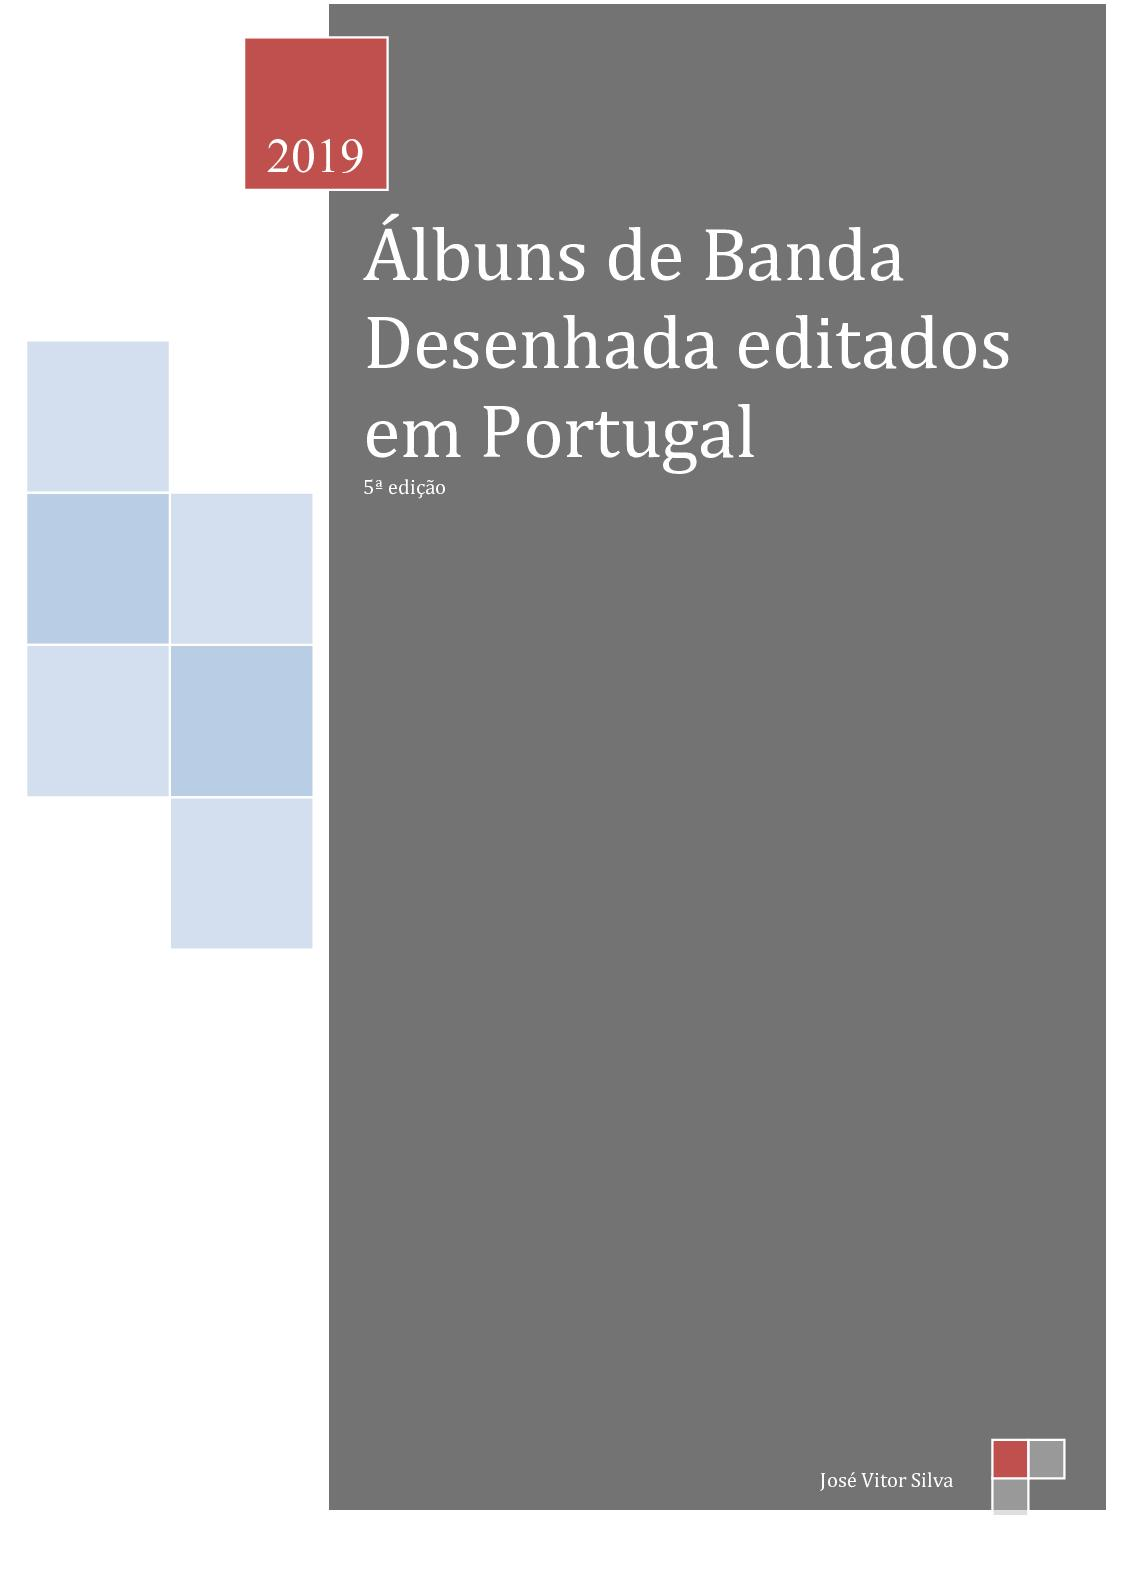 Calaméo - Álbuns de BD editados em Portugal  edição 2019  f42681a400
--------
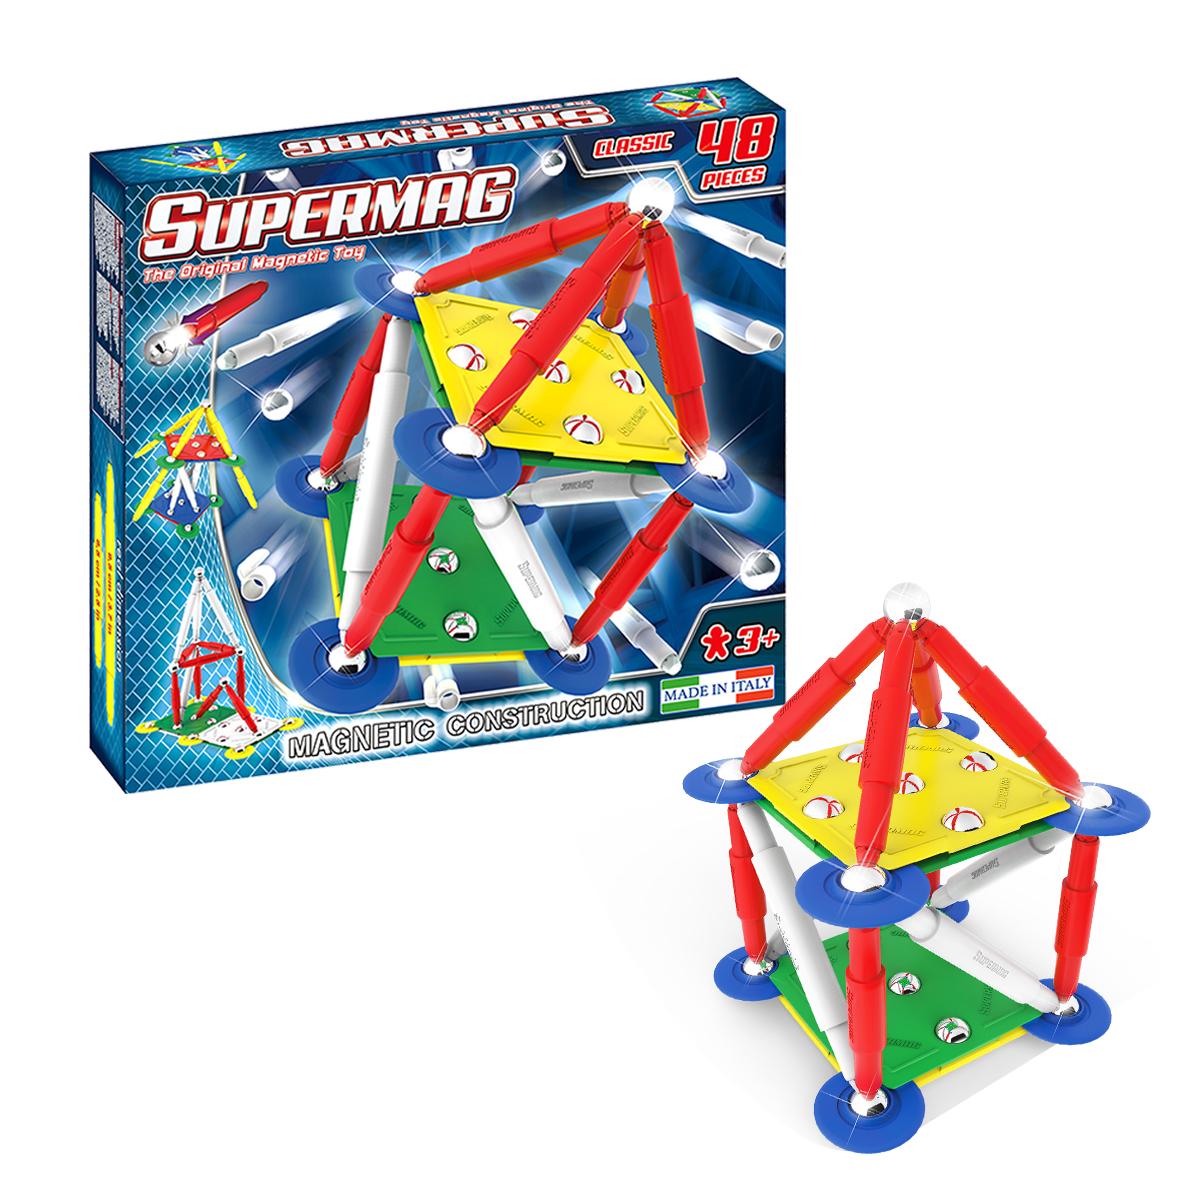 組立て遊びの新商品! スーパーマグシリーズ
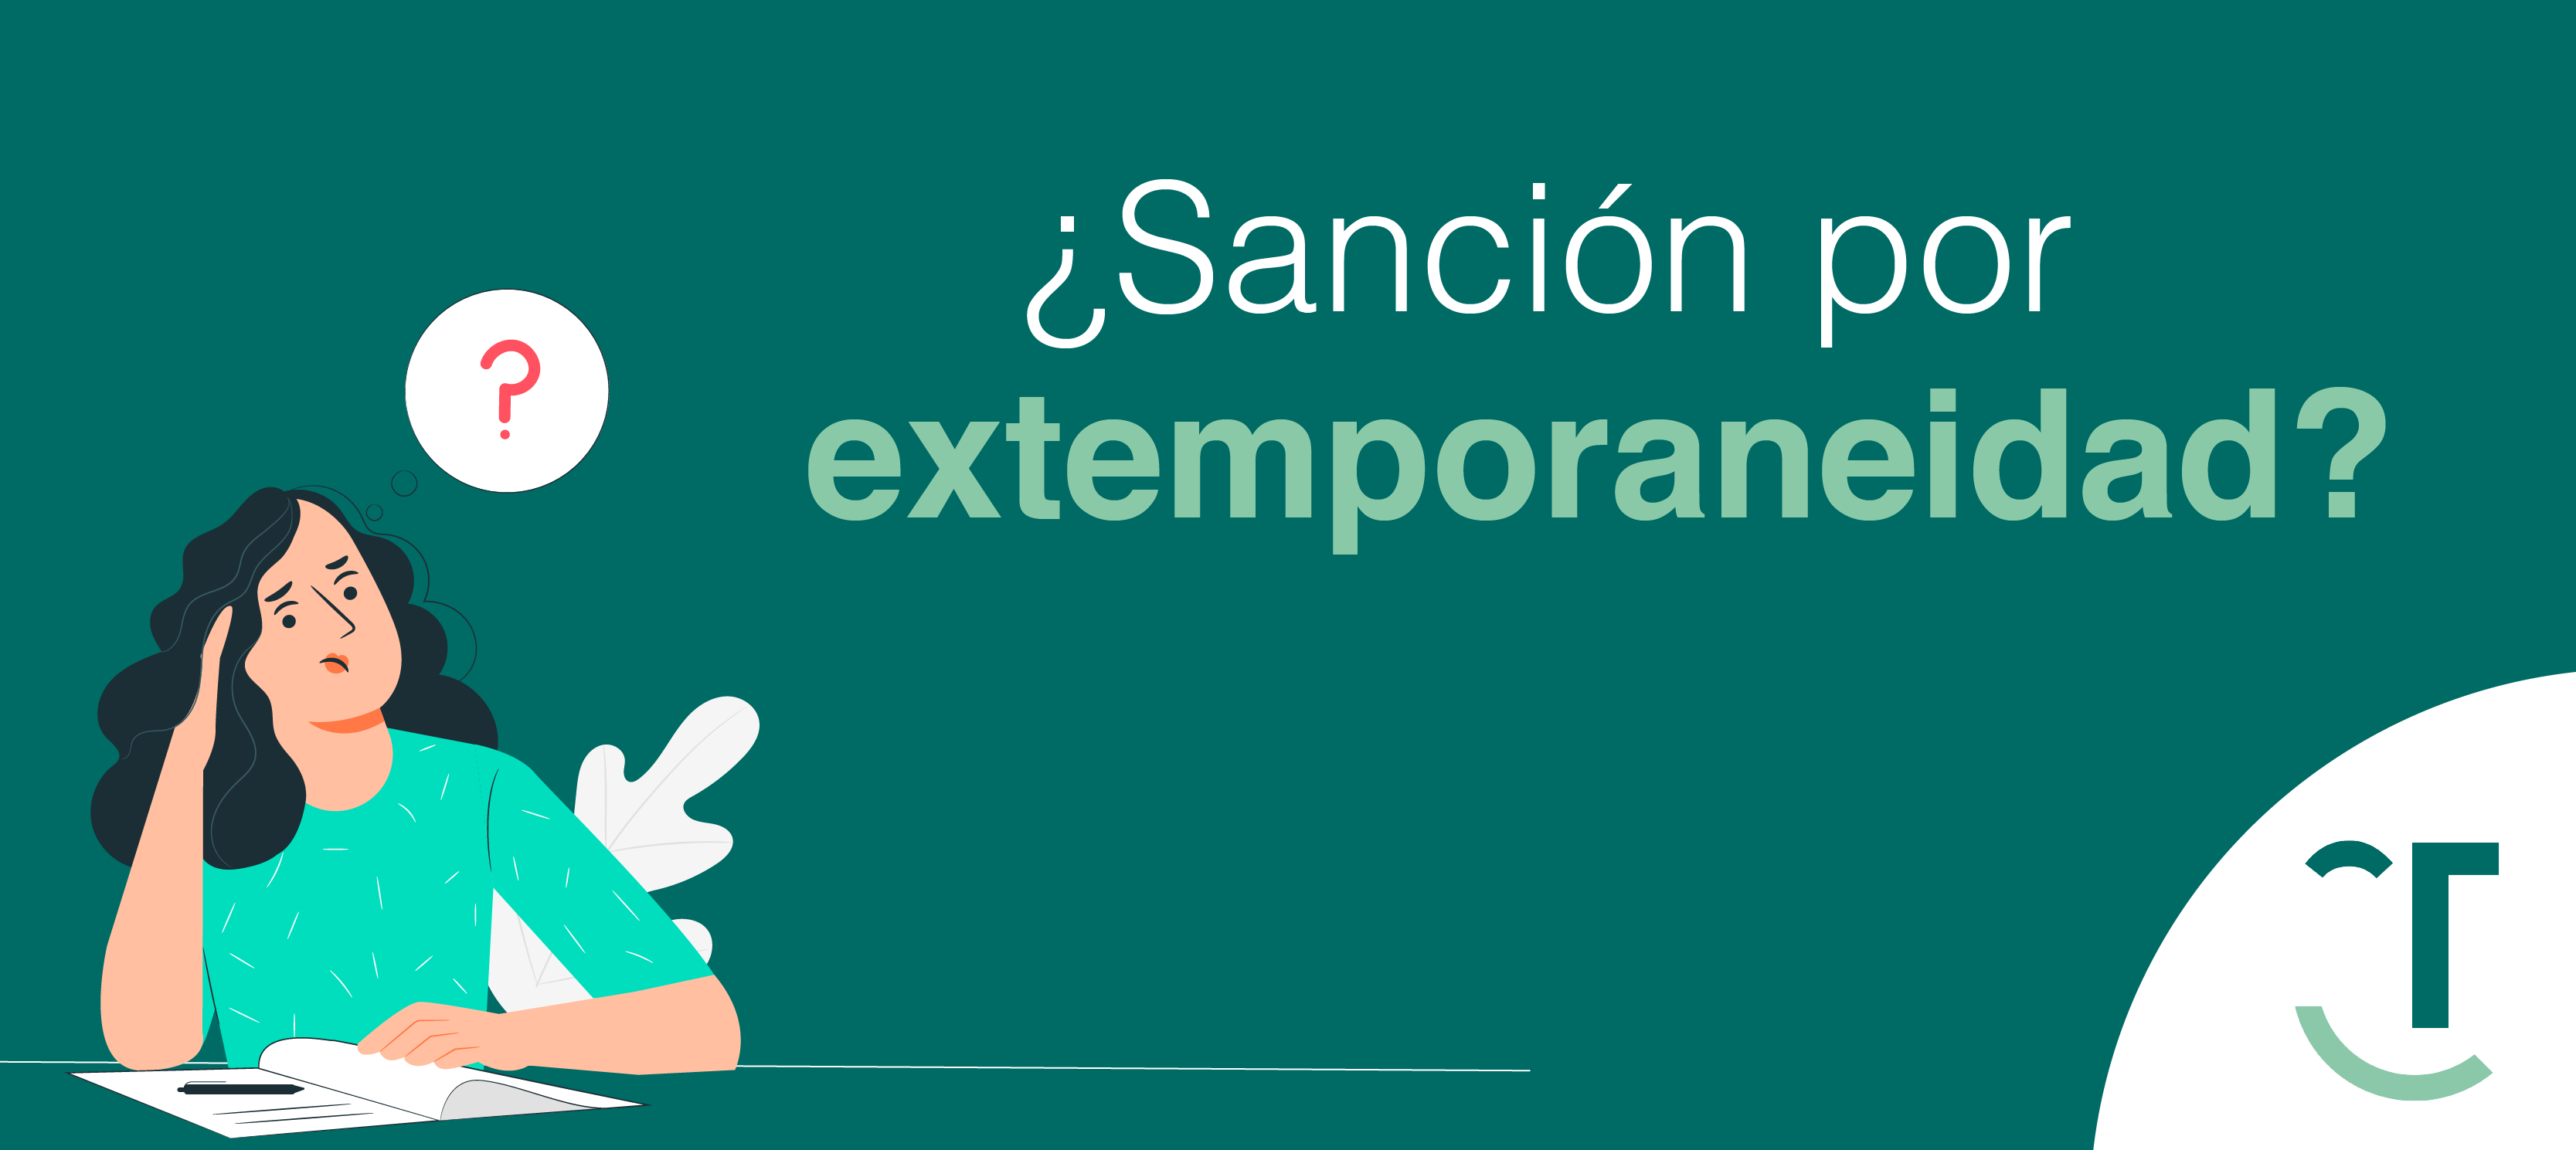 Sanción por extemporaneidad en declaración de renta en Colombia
--------
# Exercise description
From the material above, output only the span of lines that starts at the one containing "組立て遊びの新商品! スーパーマグシリーズ" and finishes at the one containing "Sanción por extemporaneidad", word for word and free of pictures.

# Task result
 組立て遊びの新商品! スーパーマグシリーズ
 Sanción por extemporaneidad en declaración de renta en Colombia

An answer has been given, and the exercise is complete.